Calló. Iba a revelar que por eso la atormentaba el destino padecido por su marido. Si hubiera corroborado la mentira, quizá habría sobrevivido. Pero no podía decirle eso al nombre implacable con el que se había casado.

– ¿Por eso qué?

– No importa. Tú ya has sacado una conclusión y nada de lo que yo pueda decir te hará cambiar. No me juzgues, Sebastián. No tienes derecho. No conoces la verdad.

– Lo que sé es que mi querido amigo es un lisiado que no puede hablar.

– Y mi marido está muerto. Ahí tienes tu venganza, si es lo que buscabas.

– Pero te olvidas de que ahora yo soy tu marido.

– Que el cielo nos ayude a los dos -susurró. De pronto la dominó un ataque de risa. Le provocó convulsiones hasta el punto de tener que sollozar.

– ¿Qué sucede? -quiso saber Sebastián.

– Le dije a Catalina que ninguna mujer cuerda debería casarse con un español. Pensaba que yo misma había aprendido la lección. Tú no eres el único que resultó engañado una segunda vez, Sebastián.

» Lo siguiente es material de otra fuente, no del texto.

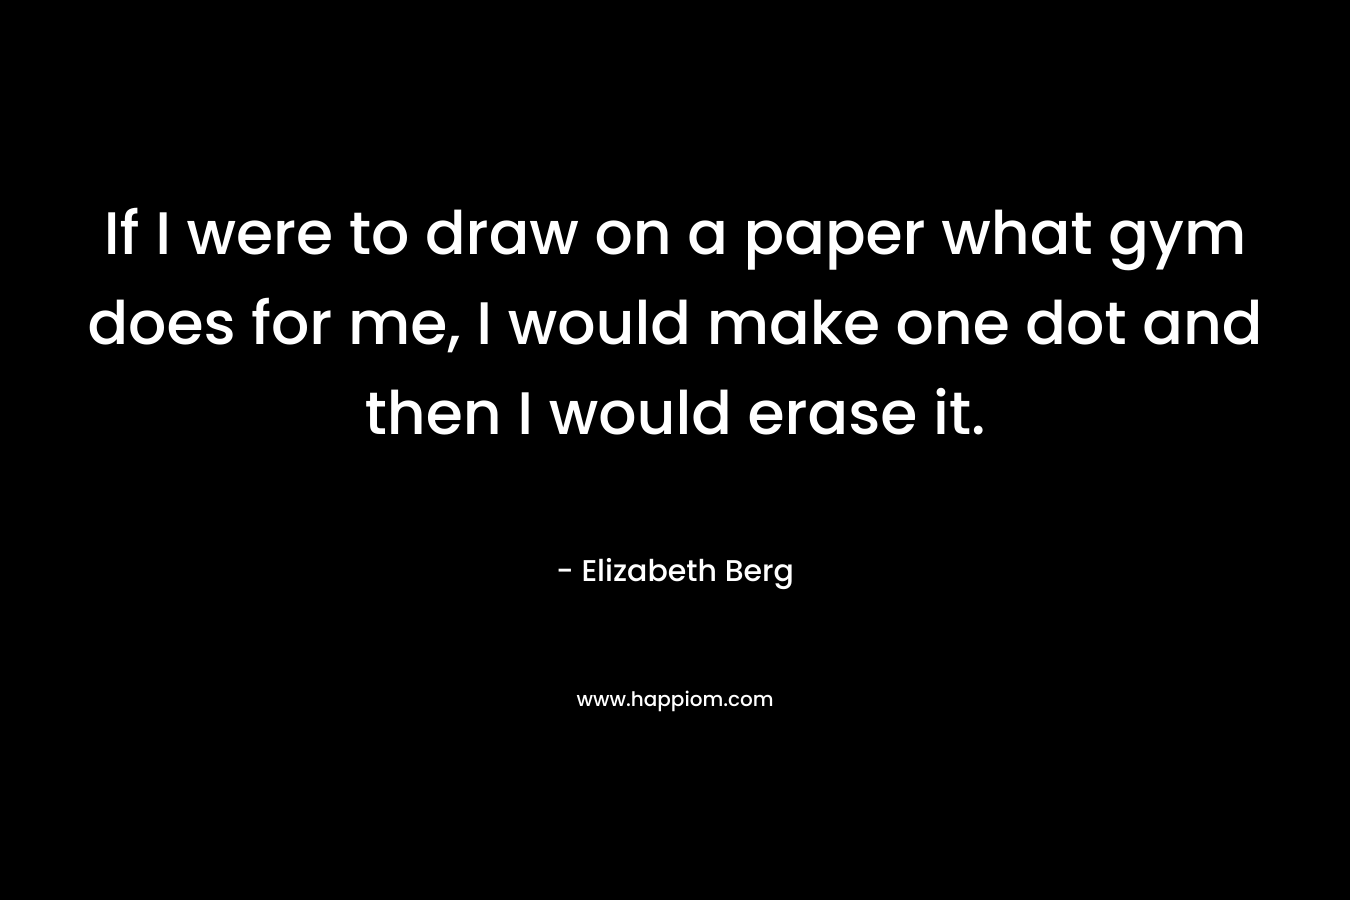 If I were to draw on a paper what gym does for me, I would make one dot and then I would erase it. – Elizabeth Berg

Jamás te perdonaré.

– Ni yo te perdonaré por la parte que has desempeñado en este asunto -replicó él-. Porque tú también te reservaste un secreto vital, ¿verdad?

– Te he explicado lo de mi apellido…

– No me refiero solo a eso. También hablo de José Ruiz. Entró aquí como amigo tuyo de los tiempos de tu matrimonio. Dime, ¿cómo llegaste a conocerlo? Dímelo.

– Es de la familia -admitió.

– ¿De la familia Alva?

– Sí, pero ese no es su apellido.

– ¡Su apellido! -exclamó con desprecio-. Como si este importara cuando por sus venas corre sangre Alva. Y metiste a esa criatura en mi casa para que corrompiera a Catalina.

– No la corromperá; la ama. Es un buen chico.

– Es un Alva -se miraron desde distintos lados de un abismo-. Vamos a tener un matrimonio interesante -comentó Sebastián al final.

– Matrimonio -repitió Maggie-. Esto no es un matrimonio -se puso a temblar.

Sebastián frunció el ceño. Con un movimiento brusco, recogió la manta de la cama y trató de cubrirla, pero ella lo apartó con los ojos encendidos.

– Aléjate de mí -ordenó con voz ronca-. No me toques. No intentes volver a tocarme jamás.

– Debes protegerte del frío.

– Mi bata está detrás de ti. Déjala en la cama.

Obedeció y dio un paso atrás, viendo a Maggie cerrársela como si buscara protección.

– Y ahora vete -dijo ella.

– No quiero dejarte de esta manera…

– ¿No puedes entender que odio verte? Vete, y no trates de acercarte a mí esta noche.

– ¿Y mañana?

– Mañana -suspiró-. Mañana llegará, ¿verdad? Ahora no puedo pensar en ello. Vete -observó el champán-. Deberías llevártelo. Aquí no hay nada que celebrar.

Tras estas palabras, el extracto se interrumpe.